Окруженные другими пилотами вернувшиеся из боя эмоционально что-то рассказывали, резали воздух ладонями, мелкими шажками крутились вокруг собственной оси. Увидев командира полка, изобразили что-то похожее на строй, замолкли. На левом фланге занял свое место Бессонов.

– Ну, орелики, докладывайте.

– Комдив сказал, что мы «соколики», – подал голос самый молодой летчик эскадрильи младший лейтенант Давлетшин, чернявый крепыш с черными как смоль вьющимися волосами. Позывной – «Гамлет».

– Так кто завалил «лаптежника», соколики?

– Лэйтэнант Мухамэдов, товарыш командыр. На выходе сам попал под очеред сосэда. Бак пробил шакал…

– А ты, «Гамлет»?

– Я тоже попал… наверное. Думаю, упадет… потом. Я бы добил, но они сразу отвернули и домой. Приказа догонять не было.

По строю покатился смех.

– Ты бы дал, если бы он тебя догнал…

– А вы что скажете, Бессонов?

– Прикрывал комэска. Наблюдал, как он сбил двух «мессеров». Потом с разрешения командира прикрыл лейтенанта Мухамедова. Не потерялся. Благодарю за доверие.

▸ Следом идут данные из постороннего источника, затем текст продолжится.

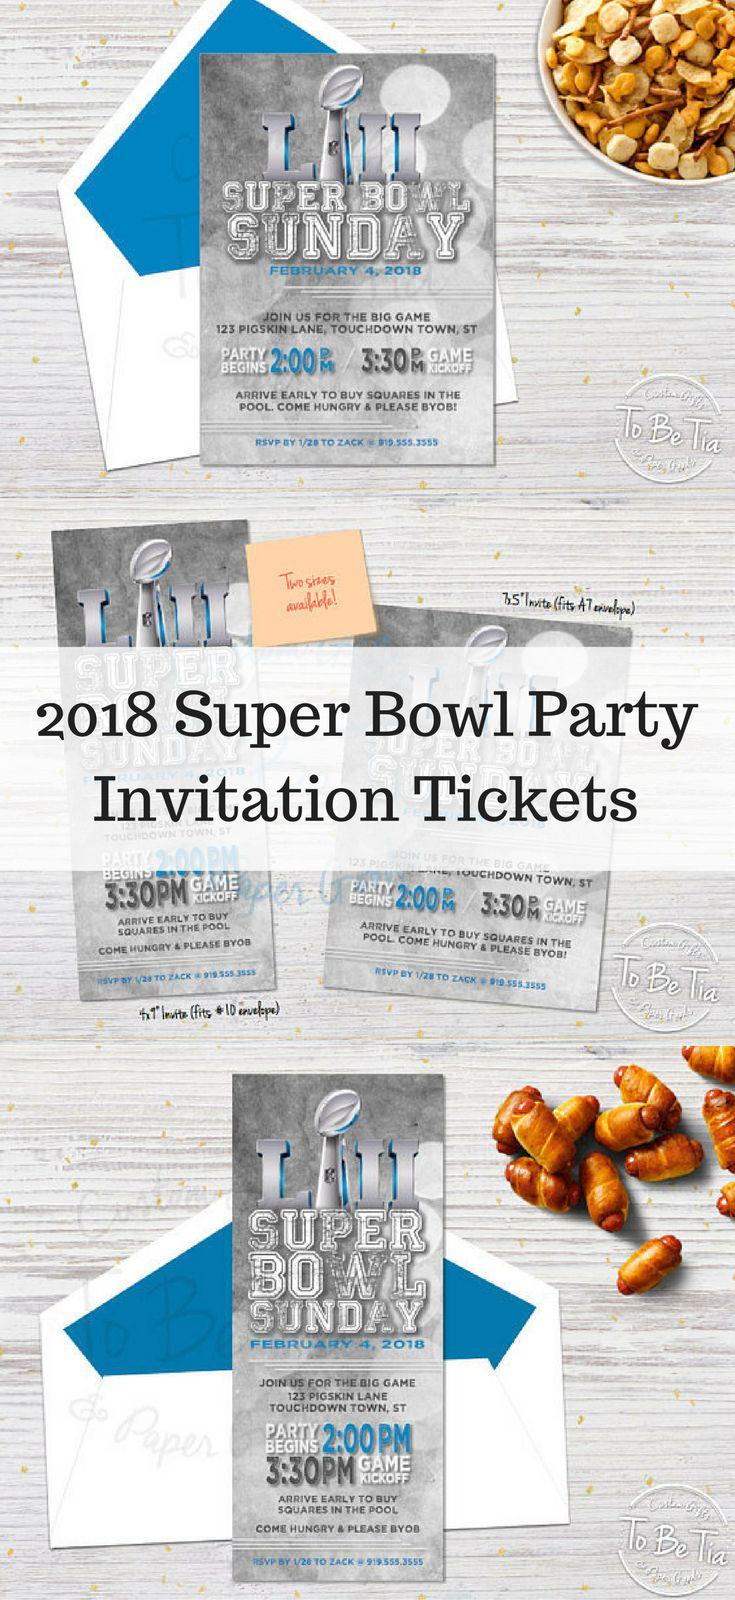 2018 Super Bowl Party Invitation Ticket | Printable Invitation #ad #superbowl #superbowlparty #printable #instantdownload #party #partyideas #invitations #invitation

– Зачэм молчыш? Нэхорошо. Я фрыца замэтил, когда он уже задымыл… Спасыбо, вэк не забуду…

– Я же сказал – прикрыл!

Командир полка внимательно вглядывался в лицо Беса. Тот был чем-то недоволен, но спокоен, словно вышел из столовой, а не вернулся из кровавой мясорубки.

– Тут мне комэск немного по-другому доложил. Говорит, ты завалил и два других.

– Нет. Сбивал командир… Я только для верности – контрольный по кабине…

– А что ты там орал – НКБэ…

– Извините… Дурная привычка. Пустое.

– А недоволен чем?

– Чему радоваться?

– Задачу выполнили, все целы. Что еще для счастья надо?

– Извините, но я не понимаю, почему мы их отпустили. Из двенадцати «юнкерсов» одиннадцать вернулось на базу… Сейчас заправятся, кофе попьют, опять понесут свои бомбы на голову пехоте, а мы будем радоваться, что целы?

В строю вдруг прекратились смешки, все внимательно слушали Беса.

– Мы истребительный полк? – продолжил негромко Бессонов. – Если так, то должны истреблять! Увидел – уничтожь! Любой ценой. Хоть ценой жизни. Ни один не должен уйти!

– А как же прикрытие? – не мог угомониться «Гамлет».

– Не более чем отвлекающий фактор. Собака лает, караван идет! Бомберов приземлили, тогда и с «худыми» можно в догонялки поиграть. А так: увидел – уничтожь! И никак по-другому! Извините за резкость.

– Легко сказать… «отвлекающий фактор» срежет, не успеешь «мяу» сказать, – засмеялся кто-то из молодых летчиков.

– А ты не подставляйся и не мажь, истребитель…

Вмешался кэп:

– Разговорчики в строю! Всем отдыхать. Няньки, через полчаса – готовность номер раз. Бессонов, ко мне. Разойдись, – он повернулся к Бесу. – Я смотрю, в тебе агитатор умер. Во загнул, – сказал командир, закуривая папиросу.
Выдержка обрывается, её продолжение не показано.